Multi versus Single Mode (continued)

•Equipment to “Light” Fiber

•A connection between equipment often requires two fibers

Equipment to “Light” Fiber

–One fiber is used to transmit in one direction, the other fiber in the opposite

•Common equipment for local area networks work like this

Optical Interfaces

•We refer to the module that is placed in a switch or router to attach to fiber optic cable as an optical interfaces

•Most common types used in local area networks are SFP, SFP+ and QSFP

A Closer Look at SFP/SFP+ and QSFP

Passive Optical Networks

•If you do Fiber to the Home (FTTH)

Passive Optical Network Equipment

•Fiber Optic Construction - Aerial

Fiber Optic Construction - Aerial

•Aerial construction is cheaper, even more so if there existing pole lines that have capacity to attach fiber

–Quicker to complete

–Less chance of unexpected barriers (bedrock, underground obstructions, inadvertent damage to existing underground utilities)

–Easier repairs

•Aerial construction is more susceptible to damage that could be costly

•Aerial Fiber Construction

As shown above a slack loop can be used cut fiber open and build a drop to customer and pull it into a splice truck to splice it.

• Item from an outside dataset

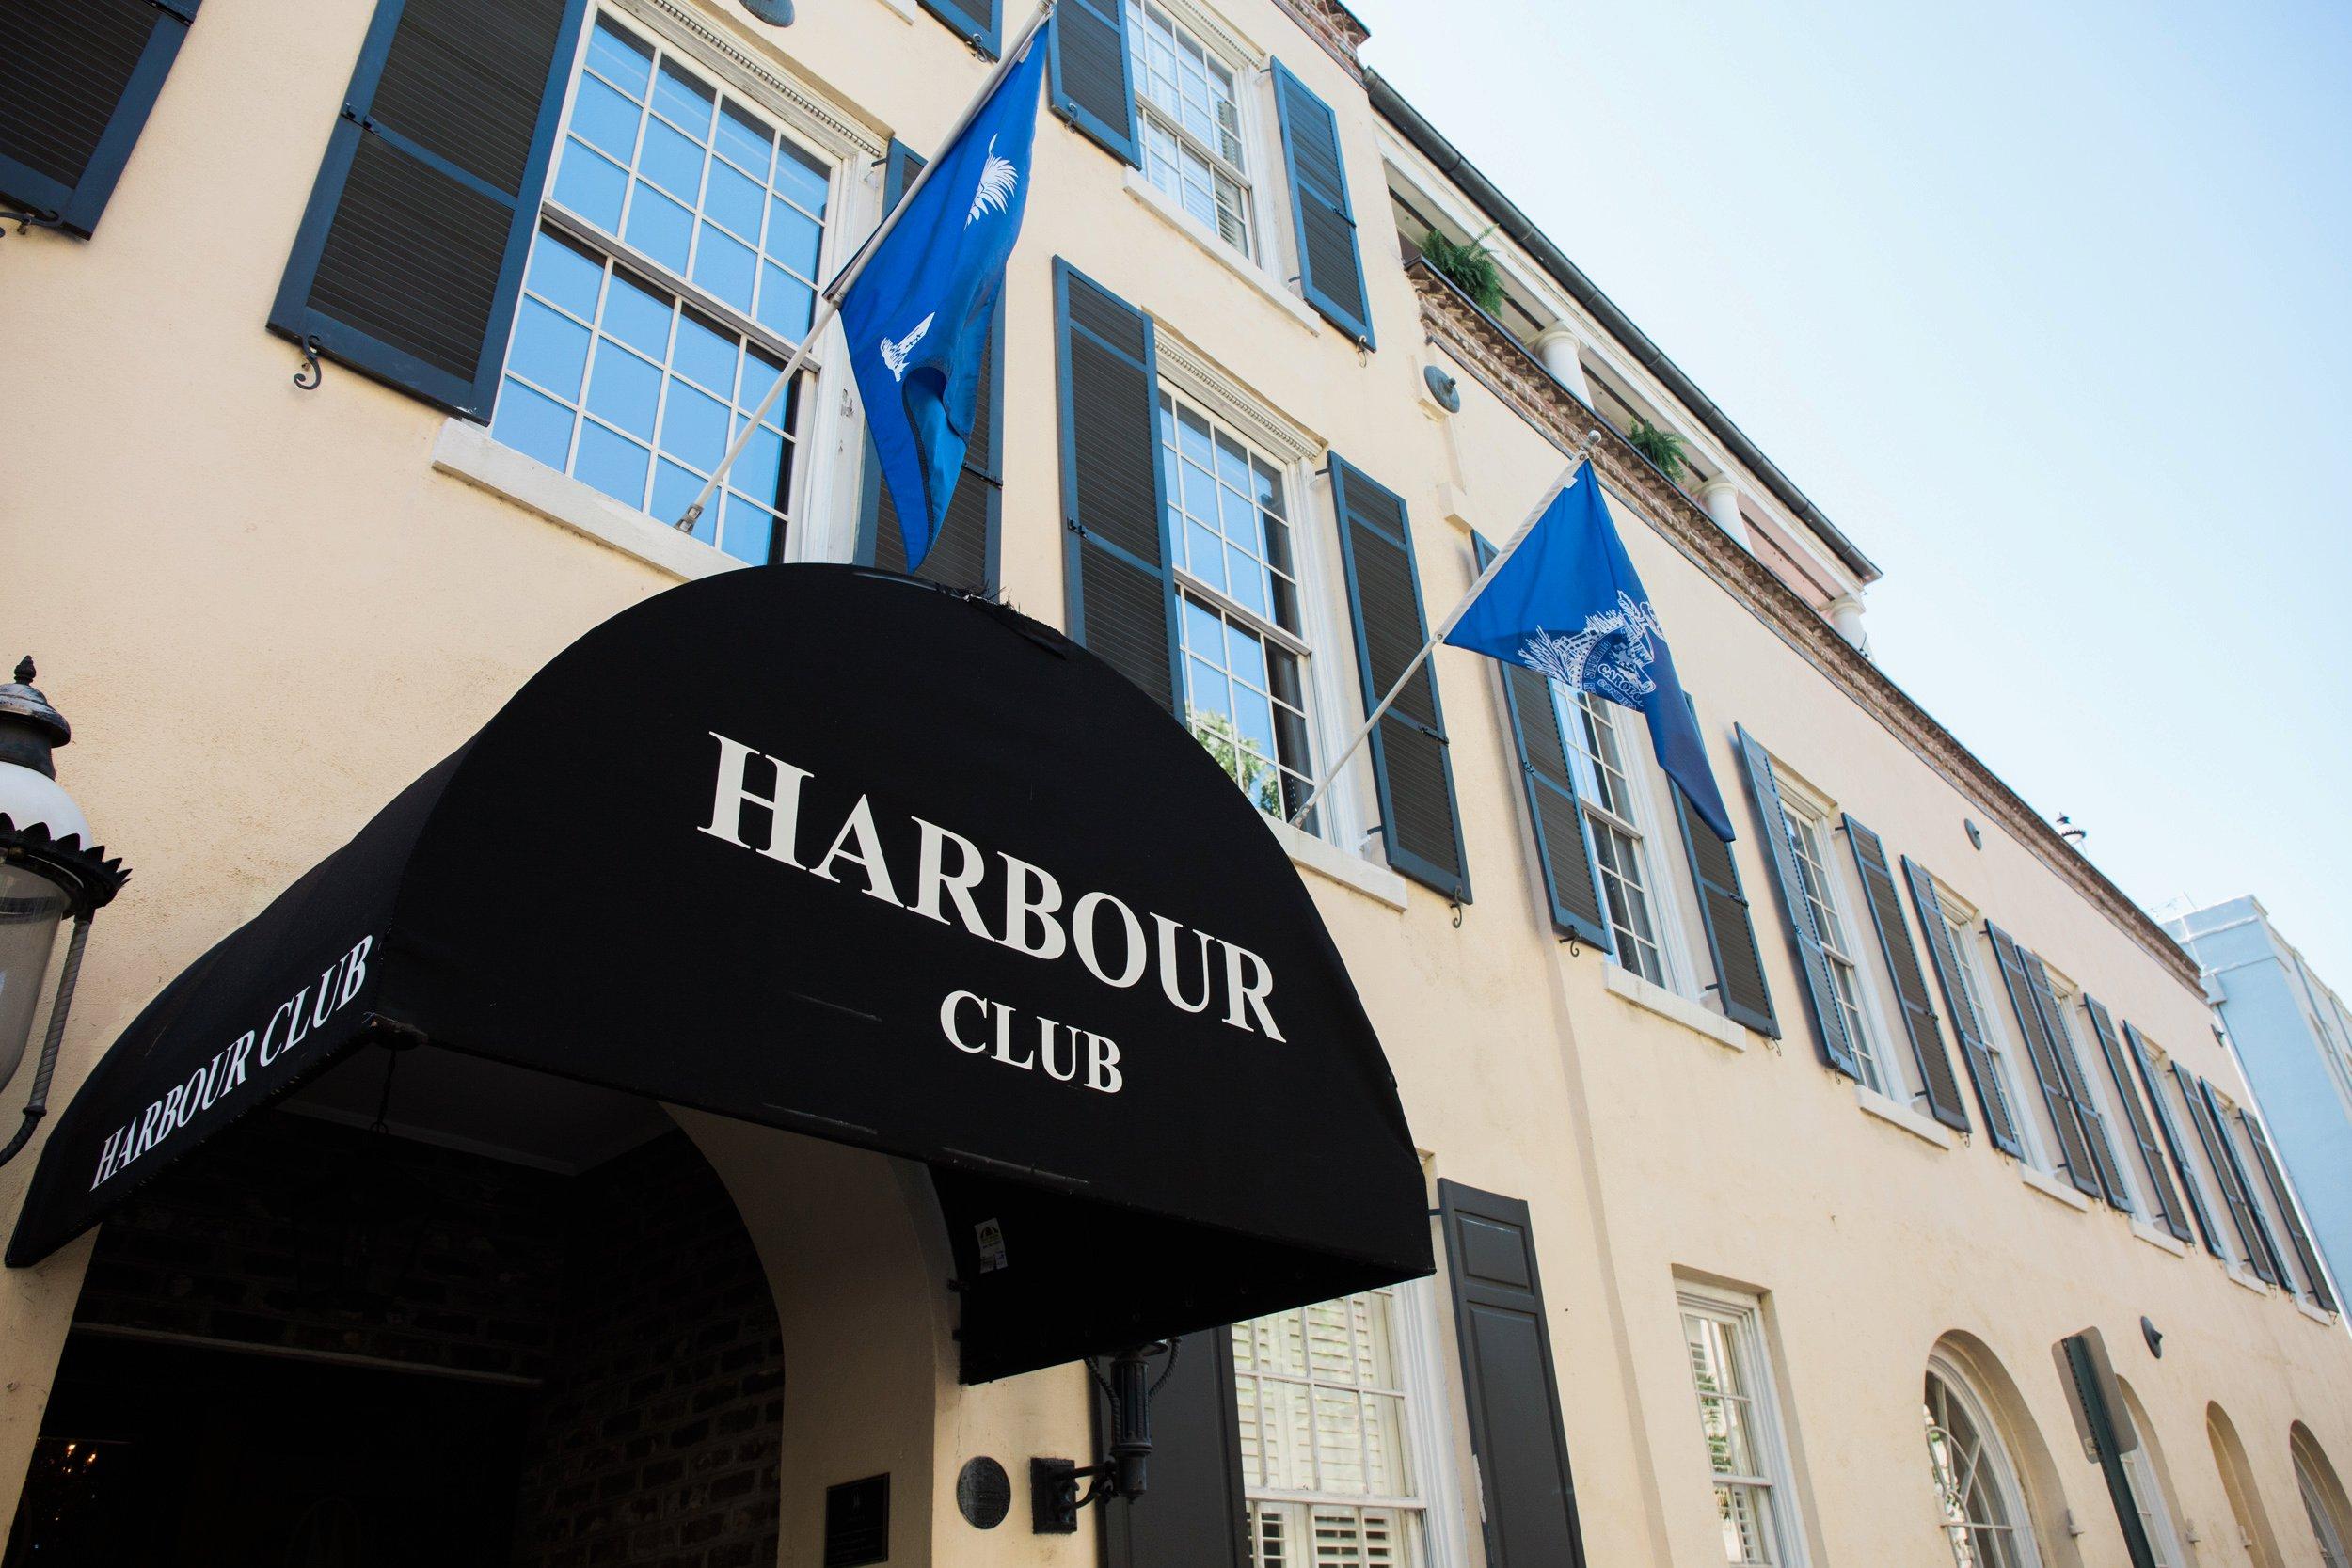 Harbour_club_Wedding_0020.jpg
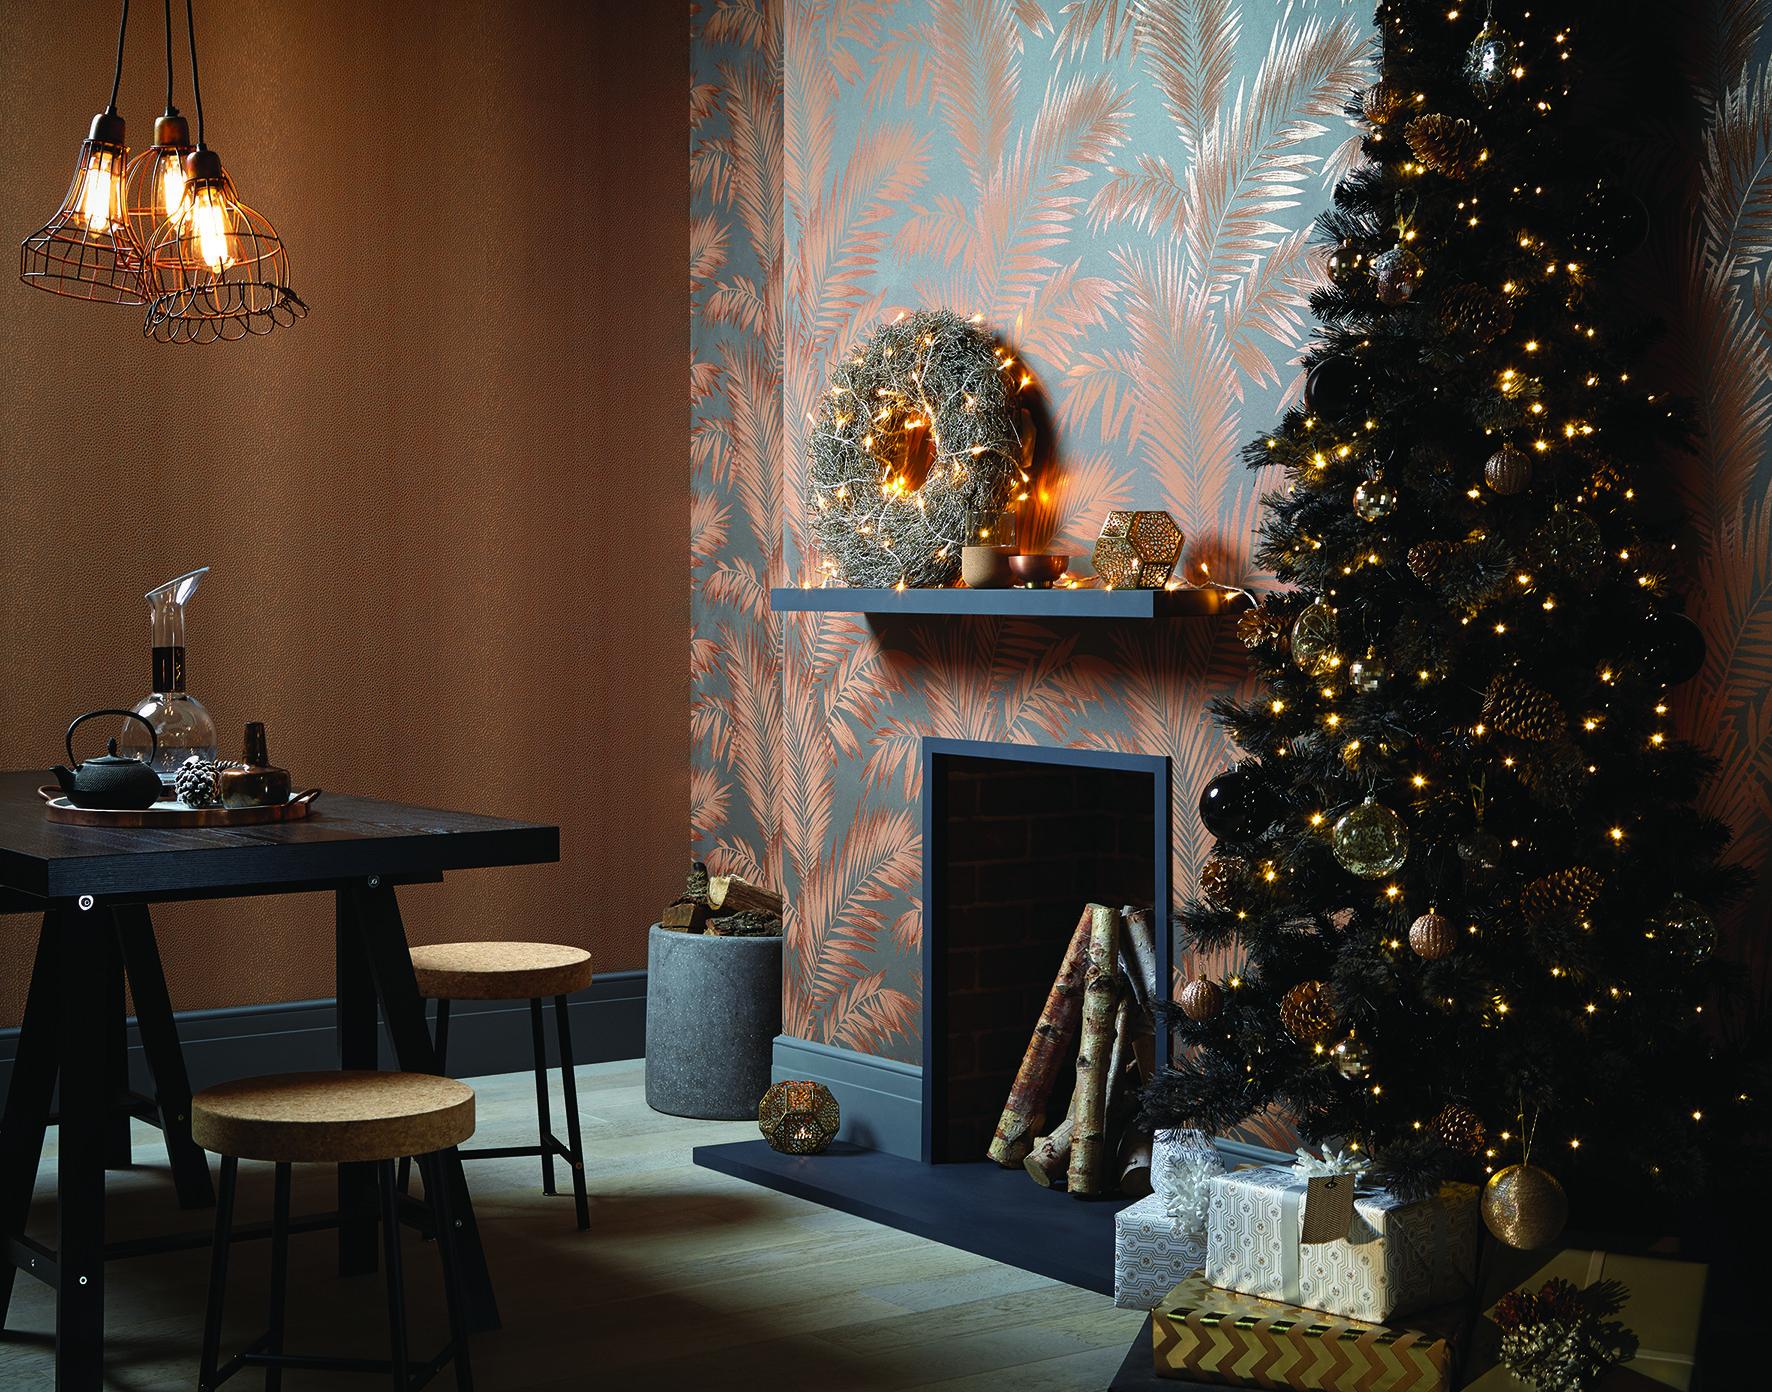 Arthouse Ardita Leaf Pattern Floral Motif Metallic Leaves Wallpaper, £15.99 a roll, I Want Wallpaper

Fiber Optic Construction - Underground

•Underground construction is more expensive than aerial

•Underground construction is more resilient to many hazards, including wildfire, weather (wind/ice), and vandalism

•Underground Fiber Construction

Slack Loops

-Needed to cut fiber open and build a drop to a building/customer

-Needed to be able to pull it into a splice truck to splice it

-Aerial fiber- for middle mile, you have splice cases. You need to build in slack into the splice case.

-Put 10% of fiber coiled up as slack loops in areas where you might have direction changes for example where there’s a railroad crossing/river etc, always have at least one on one side of that, sometimes both sides.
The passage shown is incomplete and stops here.